15 July 2014
By Adam Reid
Credit: Thegreenj, Wikipedia Commons
Sequencing the genome of the chicken parasite Eimeria
has uncovered a fascinating quirk and could help us to develop more cost-effective vaccines that will target all seven species of the parasite. Coccidiosis, the disease caused by Eimeria
parasites, poses a major threat to food security as chickens are one of the most important sources of animal protein worldwide.
When we looked at the DNA of this parasite, we noticed that each chromosome had an ordered, barcode-like pattern of repetitive sections of DNA code. These repeats often occur within genes and it turns out that this parasite has the most repeat-rich genes ever described.
While these repeat-rich regions disrupt the majority of protein-coding sequences in the genome, we have every reason to believe they are beneficial to the parasite, as they have been present in the genome for millions of years. It could be that this unusual pattern of repeated DNA has helped Eimeria increase the rate at which it evolves. That theory would certainly go some way to explaining why this parasite has been so difficult to defeat.
The Eimeria parasite causes an intestinal disease in chickens called coccidiosis. It infects billions of chickens each year, costing farmers £2.5 billion annually and jeopardising stocks of the 55 billion chickens produced. Given the dire consequences for global food security, it’s crucial that we work to develop a vaccine for this parasite that it won’t be able to avoid.

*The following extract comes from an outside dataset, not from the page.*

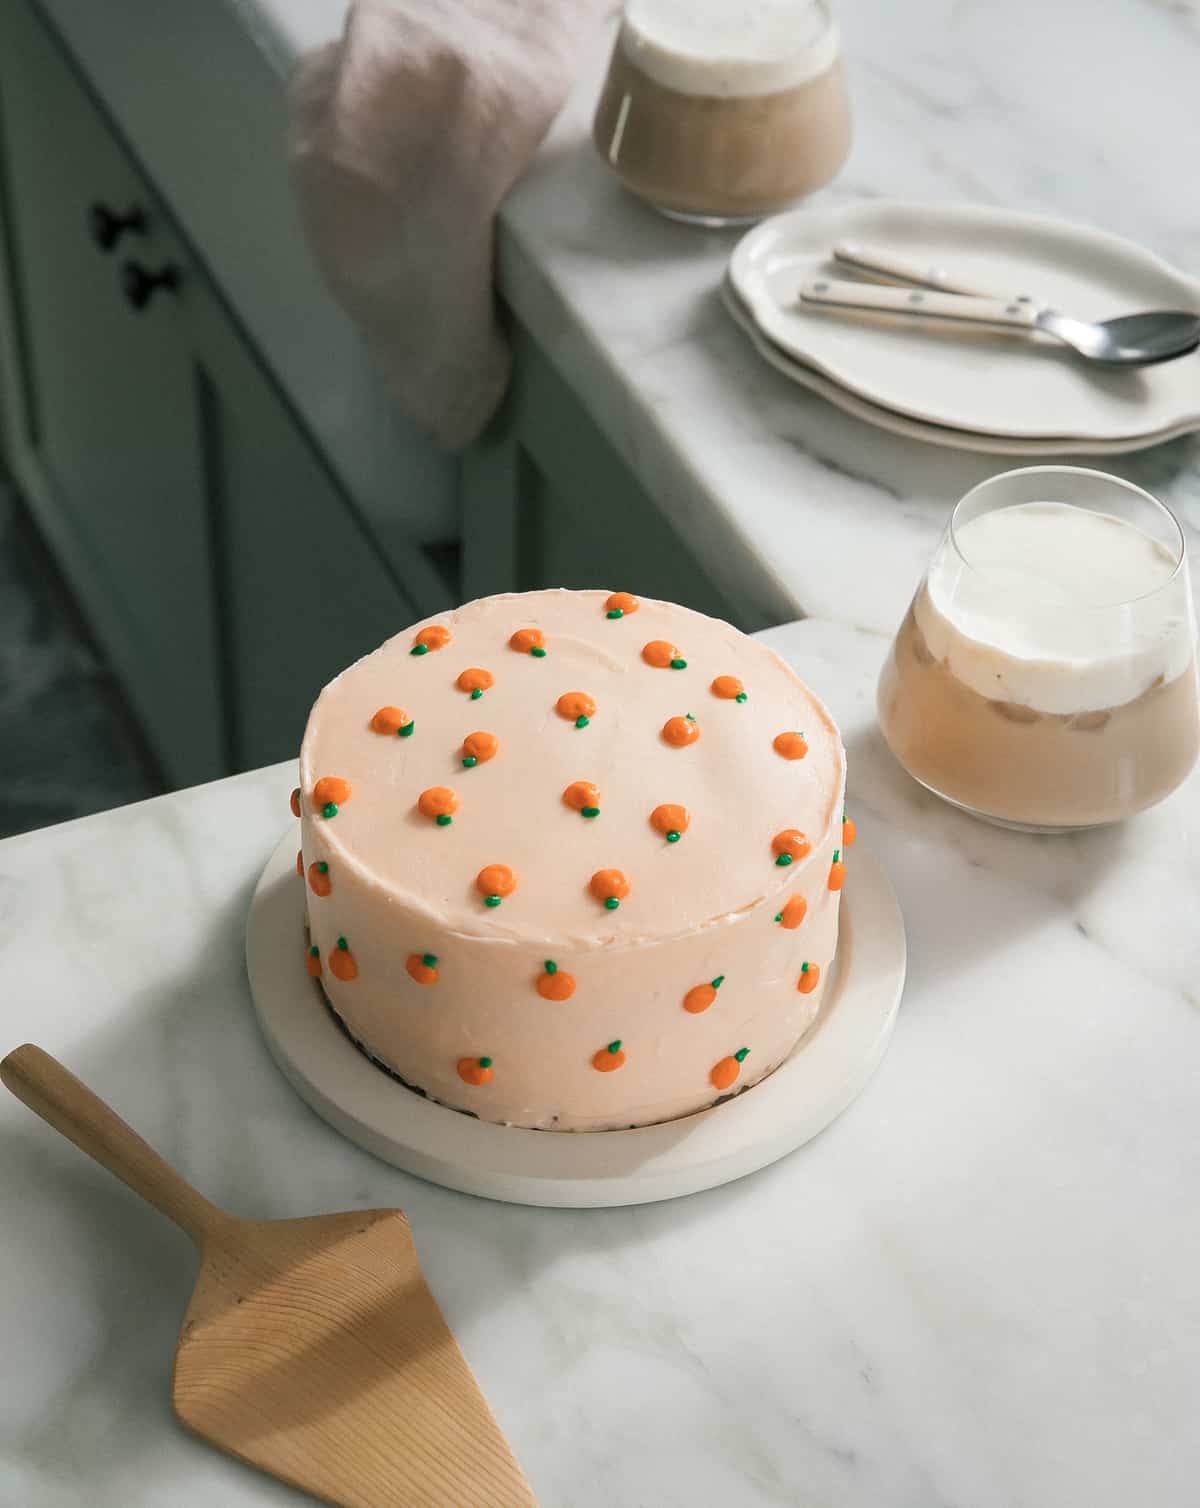 Creamsicle Cake on counter with coffee.

By sequencing all seven species of Eimeria that infect domestic chickens, we have provided a basis for a better understanding of how Eimeria interacts with its host to cause disease. We have also selected key developmental stages in the parasites’ lifecycle and sequenced the relevant transcriptome at base-pair resolution. Our data is publically available to help further research community-wide and to inform the development of new drugs and vaccines.

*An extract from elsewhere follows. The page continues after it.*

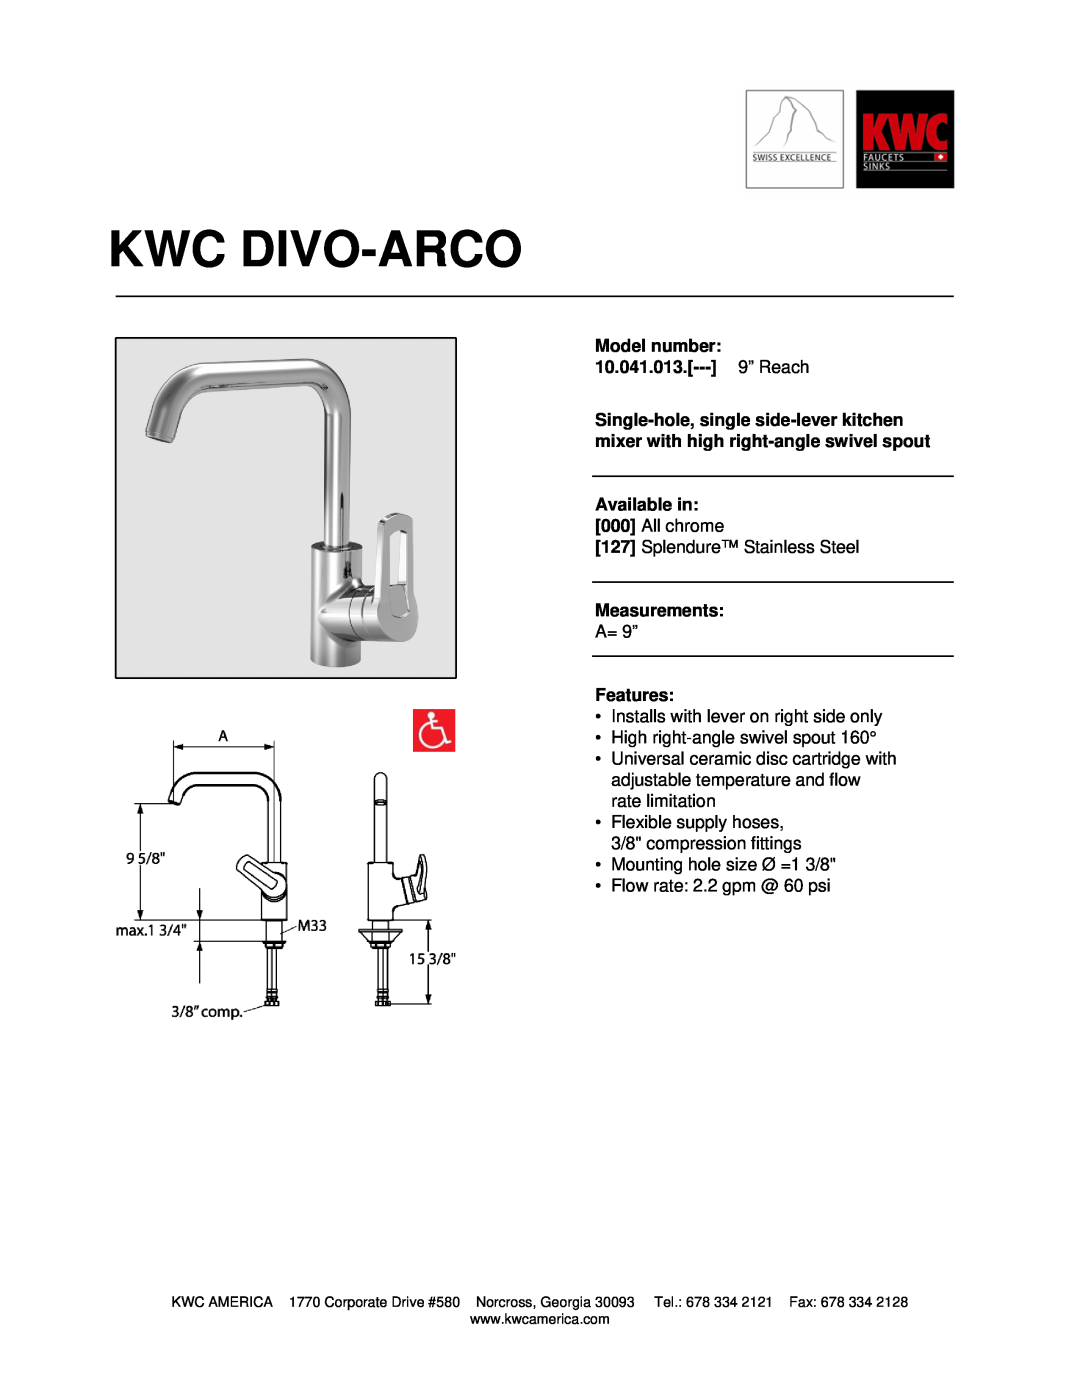 KWC manual Kwc Divo-Arco, Model number 10.041.013.--- 9” Reach, Available in, Measurements, Features

As well as helping to tackle chicken coccidiosis, these genomes have completed the genetics parts list for all the most important species of Apicomplexan parasite. This family of parasites include species that cause malaria and a number of other severe diseases in humans and animals. By comparing the genomes of the parasites in this phylum, we have begun to patch together a family history and learn more about why some cause destructive disease and others are relatively harmless.
The Eimeria genome is full of surprises that have posed important questions about parasite biology and that may hold the key to future drug targets for coccidiosis and a host of diseases within the Apicomplexan phylum.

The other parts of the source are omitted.